Мне показалось, что после их пролета я прижался к Бусе по-настоящему — безоглядно и искренне. Кто еще мог послужить мне заслоном?

Они взмывают почти над нами, и мне кажется, что меня обдает гарью и жаром. Но это — тепло Буси, в чье лицо я уткнулся своим.

Она, наверное, хочет мне тихонечко сказать: “Хочу, чтобы они еще раз пролетели и ты испугался”.

Но она шепнула мне:

— Летчиком ты не станешь...

— А я и не хочу летчиком2.

Я смотрю в Бусино ухо. Оно легко закручено в мелкую раковину, и я стараюсь говорить, чтобы слова удобно улеглись, уместились в ней, приняв форму маленькой низкой волны. Что я говорил? Этого уже не узнать. Она поворачивает раковину ко мне так, что мне чудится: я губами ловлю тепло отраженного воздуха, принесшего ей мои слова. Гладкого, чуть желтоватого воздуха.

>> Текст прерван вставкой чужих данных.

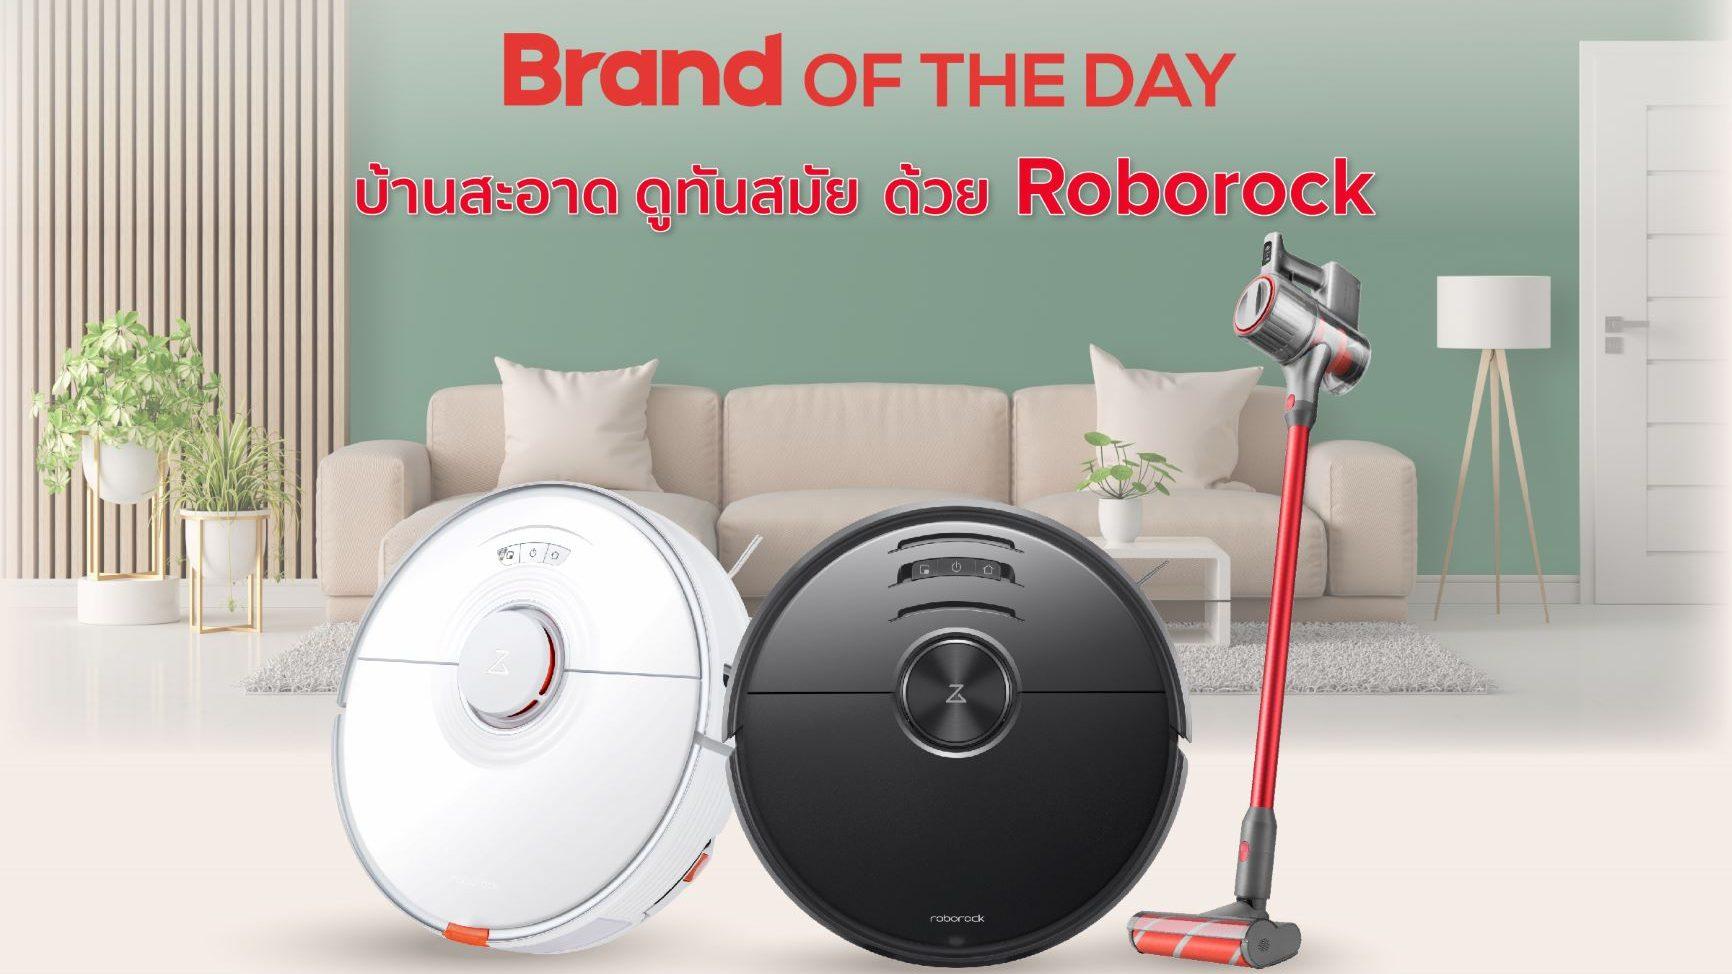 Roborock x Shopee Shopee

Она едва склоняла голову, она пересекала невидимый рубеж и делалась печальной.

И сладкая субстанция схватывала мое сердце и подгоняла редкими толчками не кровь, нет — неповоротливую лимфу. Почему-то я чувствовал колкую легкость в своих стопах, как будто должен был куда-то прыгнуть — в самую глубину. А может, взлететь — босым и полегчавшим.

Я скашивал глаза и замечал зеленую плотную массу реки; ее в пароксизме брезгливости отталкивал от себя наш катерок.

И представил себя утопающим, и передо мной вся моя жизнь, каковую я только мог за мгновение вспомнить, быстрее этой мысли пронеслась.

Из самой далекой кулисы памяти невидимые служители сцены выкатили экран, и невидимый проектор показал быстрое жестокое кино. Не смотреть туда было нельзя. Оно пронеслось белым мерцанием. Оно было про меня. Мне сделалось больно, и я вдруг понял, увидел воочию, что у меня толком ничего нет.

Совсем ничего, кроме этой нежной, желто-розовой створки уха, ничего, кроме этой мягкой мочки, этой глупой сережки с красным камешком, — у меня в моей жизни не было. И не малость этого достояния, а отсутствие всего другого, что должно быть у человека, повергло меня в печаль и немочь.

Я вдруг все про самого себя понял, но не так, как разумел множество раз и говорил себе всякие суровые жесткие слова, а иначе, совсем по-новому. Не словами, а телом. Рот мой сжался, и зубы непроизвольно скрипнули, словно срослись. Это самый отвратительный, самый кислый звук людского нутра. Его все ненавидят. Когда скрипят молочными зубами дети, то у них наверняка гельминты, а когда взрослые, то у них не в порядке с пневмой. Флогистон неправильно омывает их плоть. Они замкнуты или вывернуты. В самих себя.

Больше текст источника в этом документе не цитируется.